Beckett walked from the field on his own, with trainers at his side. But after being examined by a doctor, he was sent home to rest. The Red Sox expect an update today.

Beckett was in the outfield when coaching staff assistant Ino Guerrero attempted to use a fungo bat to return a ball to the infield. Instead, the ball hit Beckett.

Beckett is coming off a disappointing, injury-riddled 6-6 season, in which he had a 5.78 ERA. Beckett, a 1999 first-round pick of the Florida Marlins, is 112-74 for his career, with four shutouts and nine complete games. This is his sixth season with the Red Sox.
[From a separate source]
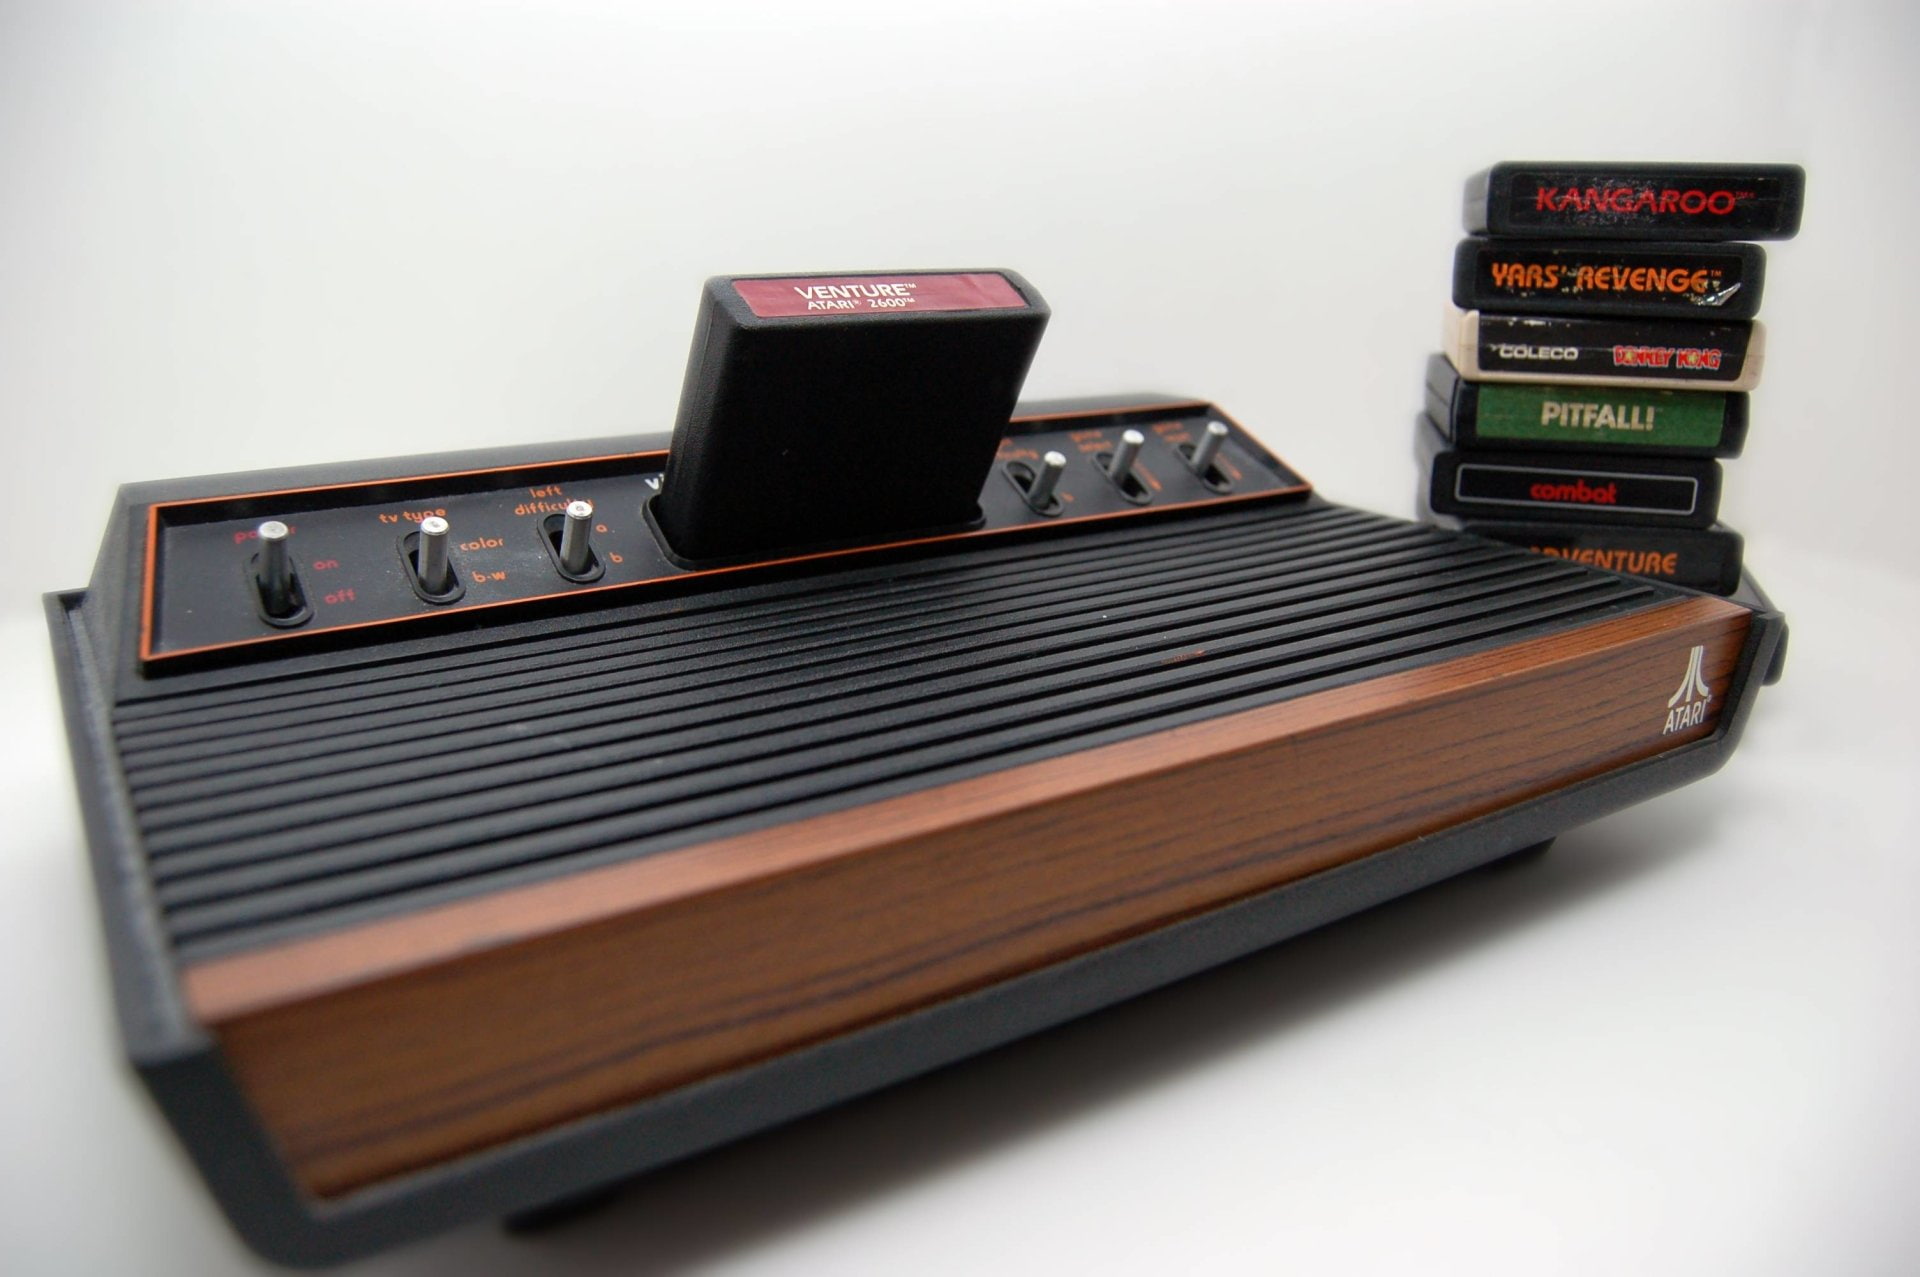 Video Game, Atari 2600

Beckett started Sunday night against the Twins and lasted two innings. He was scheduled to pitch next on Thursday against the Phillies in Fort Myers. But manager Terry Francona said it was too early to make a decision on that yet.

Yankees

Derek Jeter will be doing extra work with hitting coach Kevin Long as the New York Yankees captain adjusts to a change in his stride at the plate.
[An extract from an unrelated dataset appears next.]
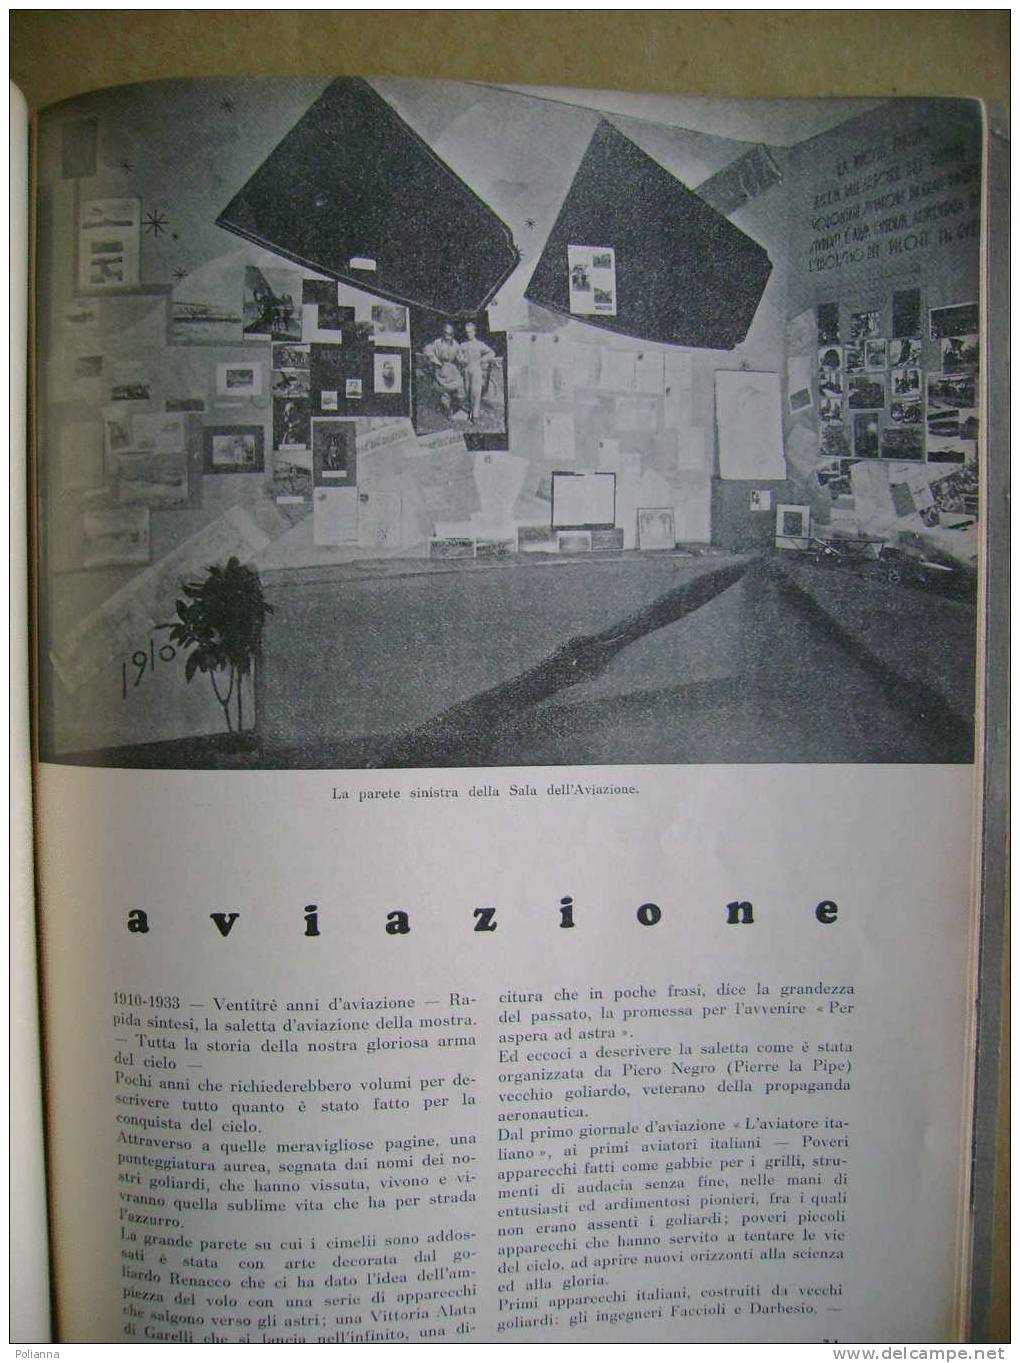 PAF/46 Curreli DENTRO DI NOI LA NEBBIA Approdo 1972 / Piemontese - Disegni Di Eugenio Comencini - Poëzie

The pair are set for an additional session today at the Yankees' complex. Jeter was not scheduled to make the road trip for a spring training game against Pittsburgh.

Jeter is no longer striding with his left foot. He made a smaller adjustment late last season, shortening his stride after a session with Long.

Jeter batted .270 last year, 44 points below his career average. Early on this year, he's acknowledged that he doesn't feel comfortable at the plate, and he asked Long for more help.